Trump e l’enigma dello shutdown: declinata dai Dem la proposta sui dreamer

Donald Trump, per risolvere lo Shutdown, ha offerto ai Dem una legge sui dreamer in cambio dei soldi per il muro USA-Messico: la risposta è stata negativa.

Donald Trump: rifiutata la proposta dei Dem
Donald Trump, Presidente degli Stati Uniti

Donald Trump tende la mano ai democratici e fa loro un’offerta sulla querelle muro-shutdown: il presidente è disposto a concedere revisioni sostanziali della sua politica sull’immigrazione a patto che i dem gli sblocchino, tramite il Congresso, 5,7 miliardi di dollari per finanziare “The Wall” fra Usa e Messico. I dem avrebbero già fatto sapere che la proposta del Tycoon della Casa Bianca è gradita come una corsa nudi in un campo di ortiche.

Il secco NO dei Dem

Tant’è, in poco meno di due ore negli Stati Uniti si è consumato l’ennesimo nulla di fatto, con Trump che ha dovuto incassare il no degli avversari e con il paese che entra nel suo mese secco di shutdown, il blocco istituzionale delle attività federali figlio della mancata approvazione dello strumento economico nazionale.

Il sugo della proposta di Trump pareva, ad onor del vero, allettante: il presidente, che la proposta se la era fatta mettere nero su bianco dal suo fido “consigliori”, nonché genero, Jared Jusher, offriva: una legge a protezione dei “dreamer”, gli immigrati che in territorio Usa ci erano entrati bimbi e da genitori irregolari, nonché una legge sui Tps, gli immigrati con stato temporaneo di protezione. Nulla da fare. Poche ore dopo l’annuncio della proposta era arrivata la risposta di Dick Durbin, capogruppo al Senato degli “asinelli”. E la risposta era stata un no con annesso sollecito a Trump, l’ennesimo, ad avvalersi delle sue prerogative presidenziali per mettere fine allo shutdown.

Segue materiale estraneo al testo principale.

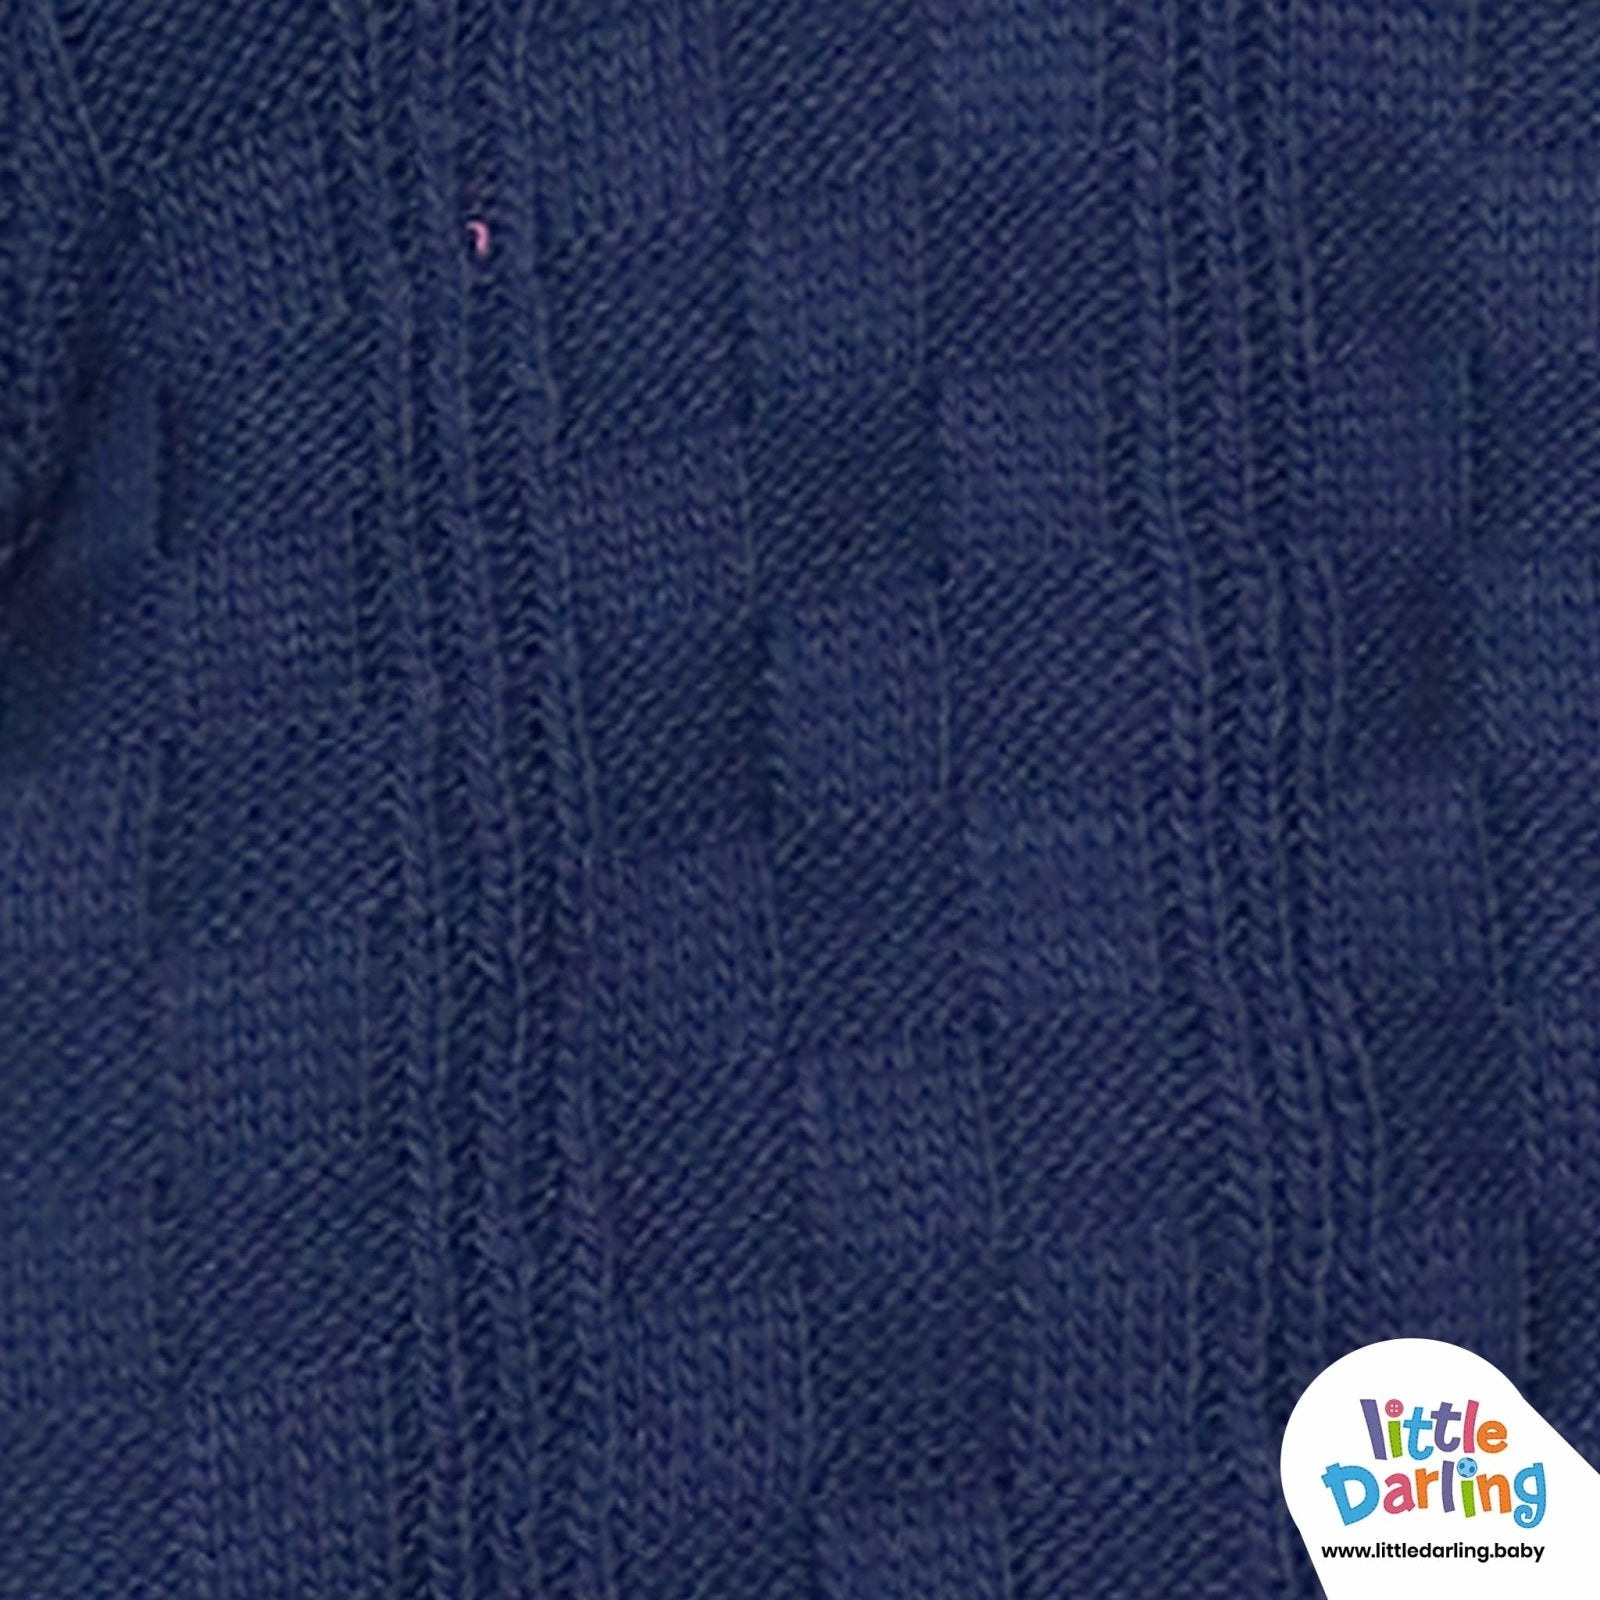 Hooded Woolen Romper Box Pattern Navy Blue Color by Little Darling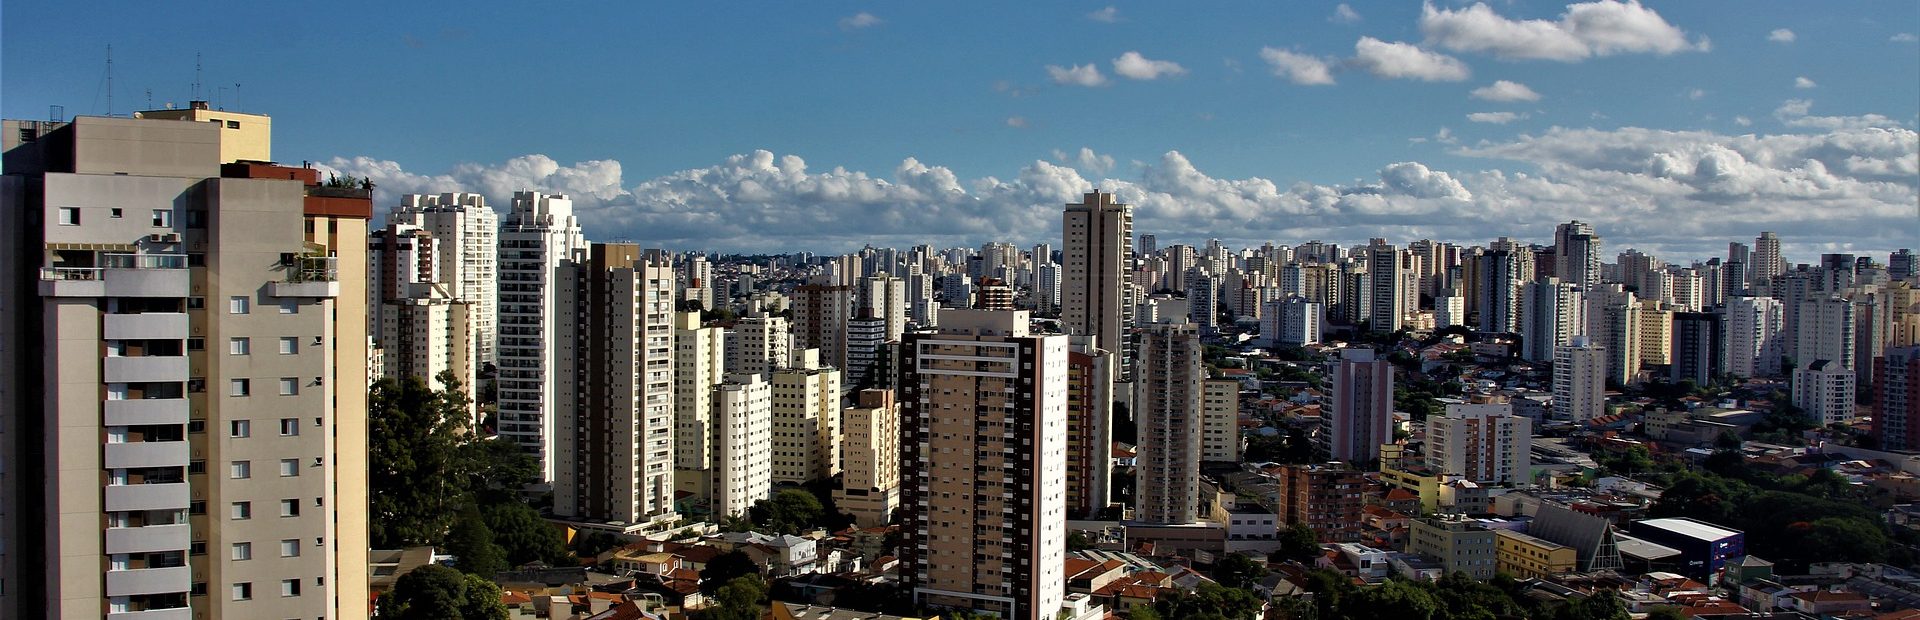 city view of Sao Paulo Brazil

Trump e l’obiettivo del muro

Il dato politico è evidente: l’assenza di una dichiarazione di emergenza nazionale, agitata da Trump come uno spauracchio per far rinsavire gli avversari politici e incassare, al contempo, i finanziamenti per il muro di confine sembra testimoniare che in seno allo staff di Trump, possa ver preso piede la linea più “morbida” e razionaleggiante, bizantina se vogliamo. E’ quella che fa capo a Mik Mulvaney, capo dello staff interinale ma da sempre con sogni ed attitudini alla De Pretis.

I dem hanno intanto provveduto a sbloccare un miliardo di dollari, ma “solo per la sorveglianza” del confine, non certo per il suo incremento strutturale da recinzione nazionale a muro vero e proprio. Anche qui il messaggio politico pare chiaro: in America siamo tutti d’accordo sulla tutela dei confini nazionali ma, Donald mio, “nuntallargà”. Ma, se le posizioni sono così chiare, se le dietrologie paiono così evidenti e i messaggi fra le righe paiono così ammantati di un malcelato ed oggettivo buon senso, perché 800mila impiegati pubblici americani sono ancora senza stipendio?

Continua il duello

Delle due l’una: o ciascuna delle parti sul ring si limita a fare professione pubblica di buona volontà ma solo sperando che la controparte ceda e faccia incassare almeno tre quarti del pacchetto oppure in campo sono scese le seconde file che stanno cercando di ricucire ciò che le “star” del duello avevano in questi ultimi giorni drasticamente separato.

Negli USA Trump potrebbe perdere molti consensi

L’America, intanto, aspetta, si connette ai siti e se la gode un po’ meno. In politica estera Trump il suo appeal pare averlo conservato, ma all’interno il logorio c’è e si vede tutto. Negli Usa le fronde contro le guerre “sporche” sono sempre state tignose ma minoritarie, ma se agli americani gli tocchi le tasse e i danè, dati alla mano, su quattro elettori due saranno tuoi nemici.